Fig. 5. Mucosal PGE2 generation during ulcer healing in rats treated with dmPGE2 (50 µg/kg/d), omeprazole (40 mg/kg/d) or vehicle (unpublished results).

Fig. 6. COX-1 expression in intact gastric mucosa and at ulcer margin of rats treated with vehicle, dmPGE2 or omeprazole at day 3, 7 and 10 upon ulcer induction (unpublished results).

Fig. 7. COX-2 expression in intact gastric mucosa and at ulcer margin of rats treated with vehicle, dmPGE2 or omeprazole at day 3, 7 and 10 upon ulcer induction. Asterisk indicates significant increase above the value recorded in gastric mucosa of intact rats. Cross indicates significant increase above the value recorded in vehicle-treated rats (unpublished results).

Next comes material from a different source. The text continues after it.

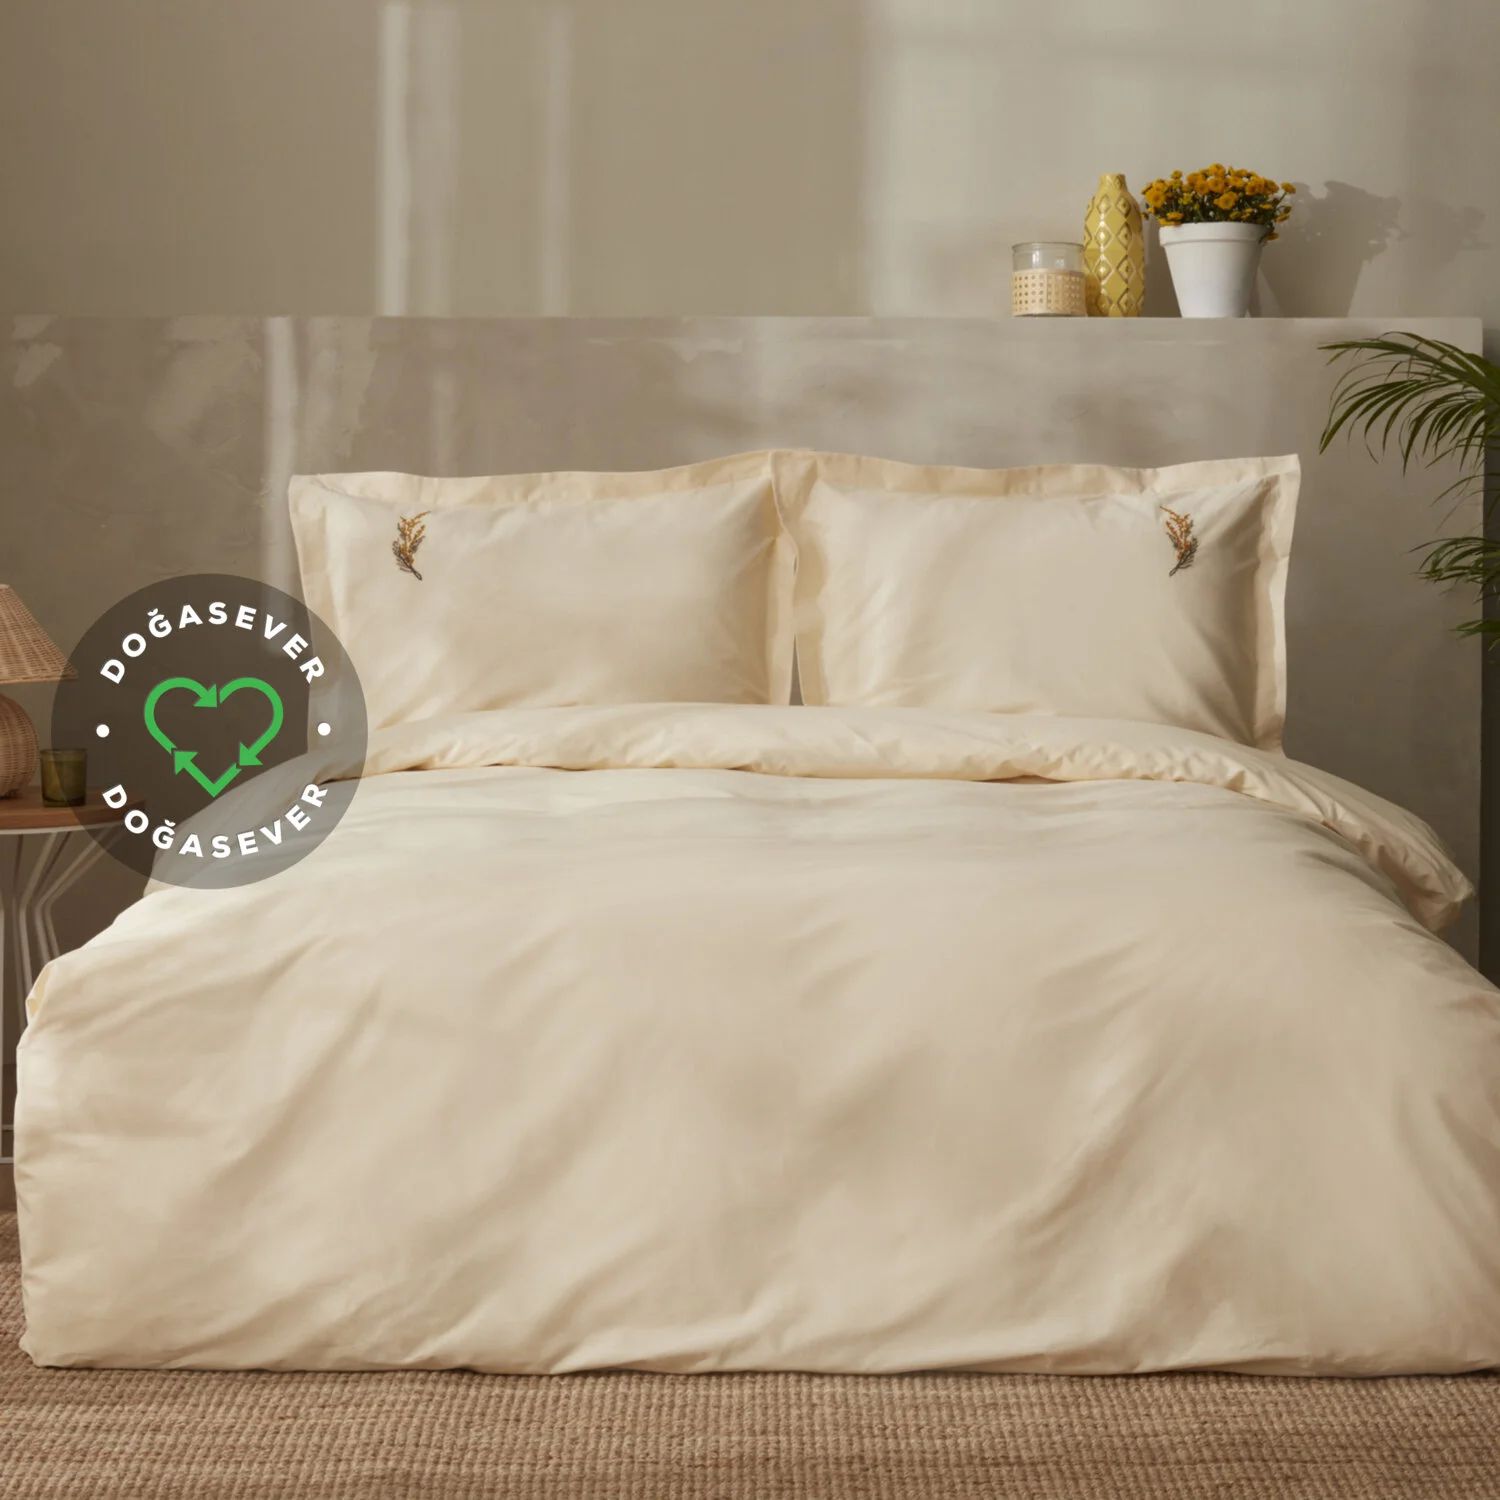 karaca home комплект постельного белья цвета хаки окрашенный в двойной пряже vetro khaki Комплект постельного белья Karaca Home Olive Vegan, цвет хаки
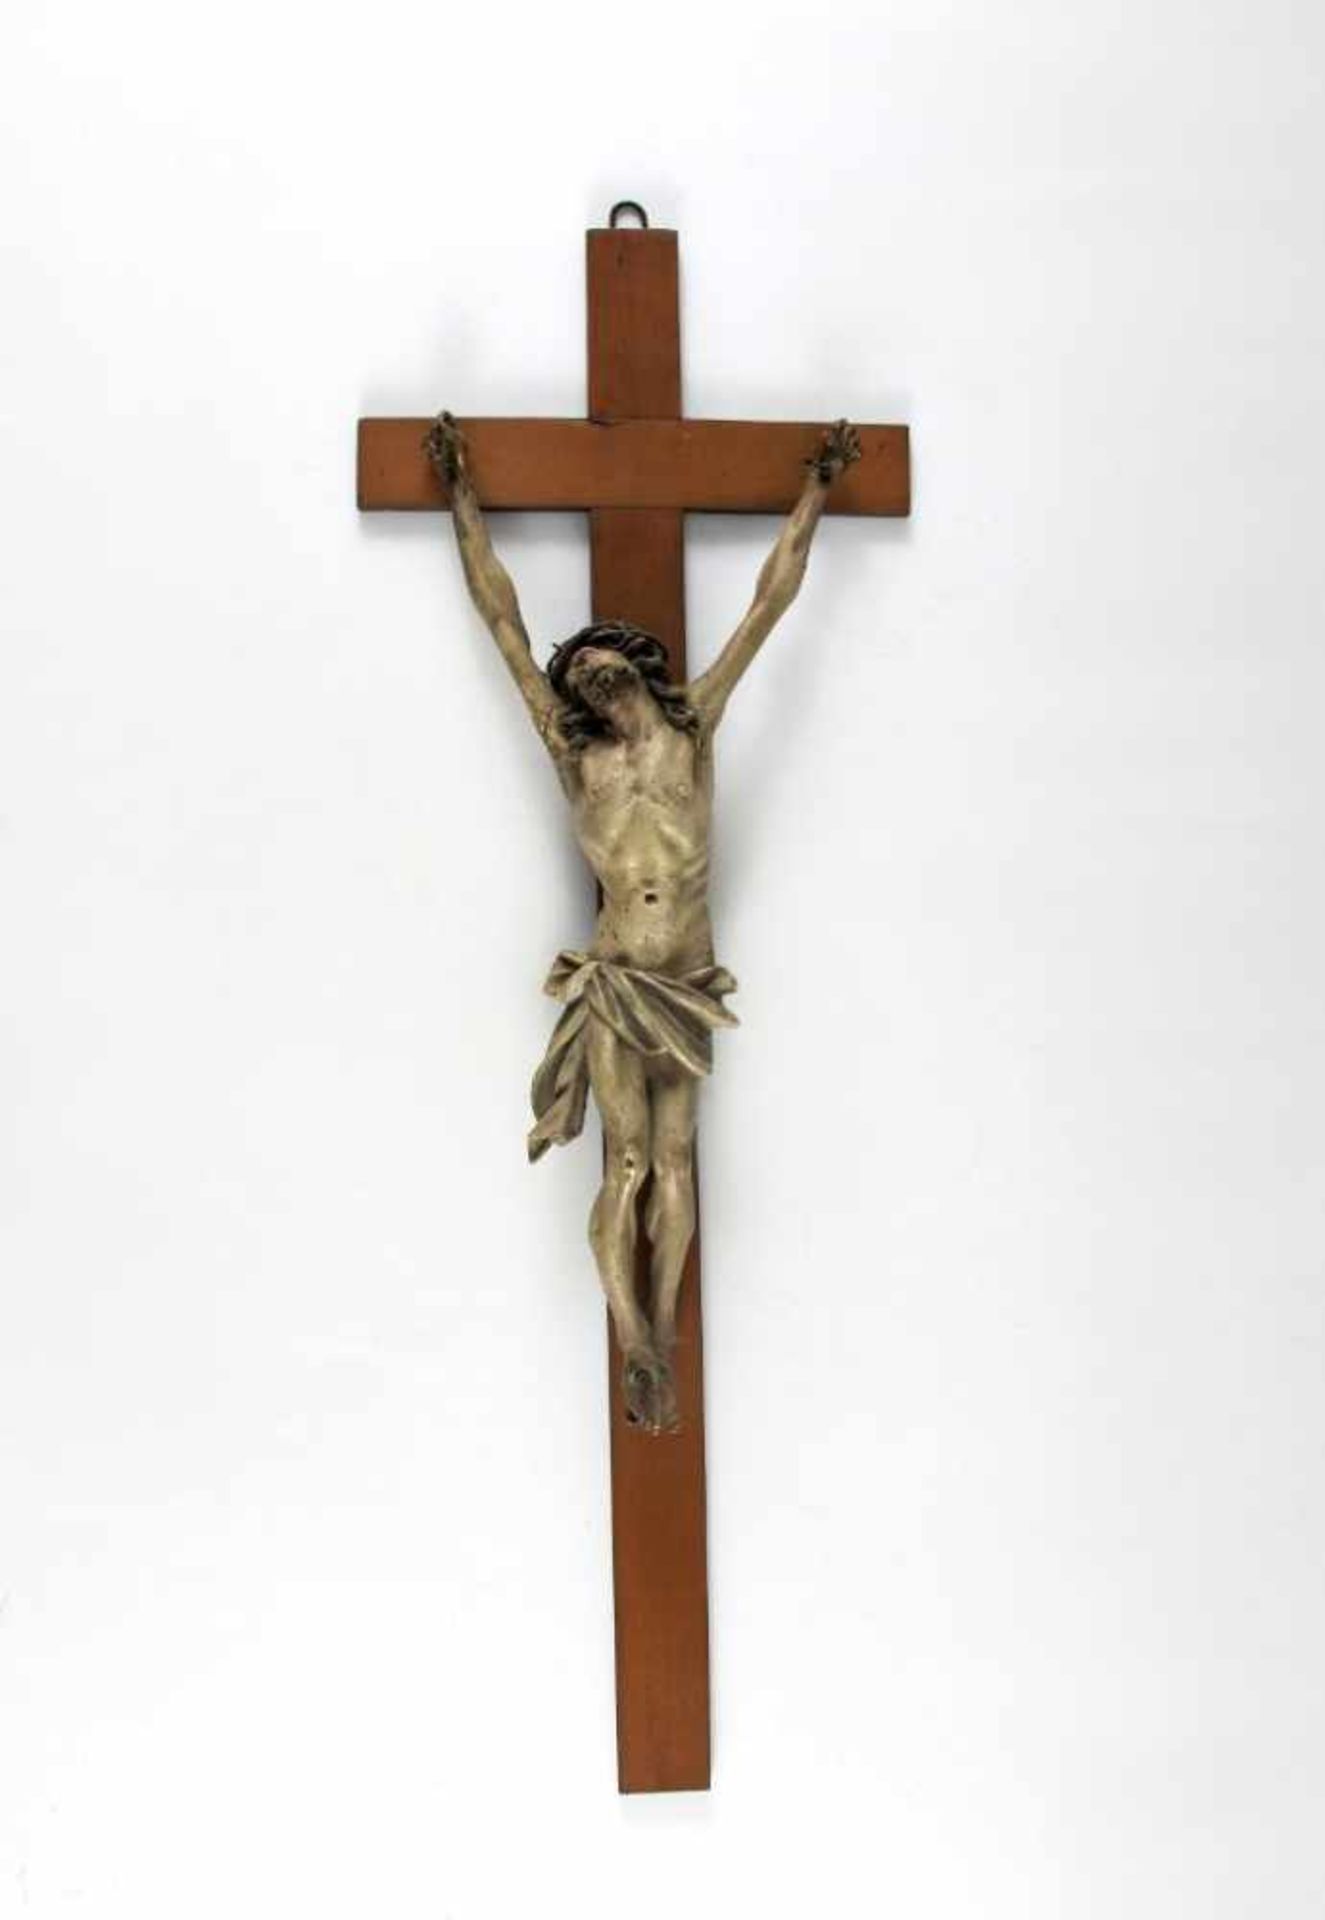 Wandkruzifix. Dreinageltypus. Holz gefasst. 19. Jh. H 44 cm

The mechanism of COX-2 upregulation at an ulcer margin, particularly following treatment with dmPGE2 or omeprazole is unknown, but we suspect that this could be attributed, at least in part, to the hypergastrinemia that was found to be accompanying the production of gastric ulceration itself and the administration of gastric inhibitory dose of dmPGE2 or omeprazole (Fig. 8). The upregulation of COX-2 by gastrin, released in higher amounts following administration of gastric inhibitors such as lanzoprazole, has been suggested before by Tsuji et al. (28), who reported that the protective effects of this PPI, against ethanol-induced gastric damage could be attributed to the upregulation of COX-2 due to the action of gastrin released in excessive amounts because the blockade of specific gastrin receptors abolished lanzoprazole-induced enhancement of PGE2-generation and the upregulation of COX-2. The acceleration of ulcer healing combined with upregulation of COX-2 and elevated generation of PGE2 in our tests with dmPGE2 could also be attributed to hypergastrinemia resulting from gastric inhibition by this PGE2-analogue as reported previously(11-13). An alternative explanation could be that exogenous stable PGE analogue by itself could directly increase the COX-2 expression and activity in similar fashion to that exerted by this PGE analogue in prostate cancer cells (29) but this possibility requires confirmation in the model of gastric ulceration (Fig. 7).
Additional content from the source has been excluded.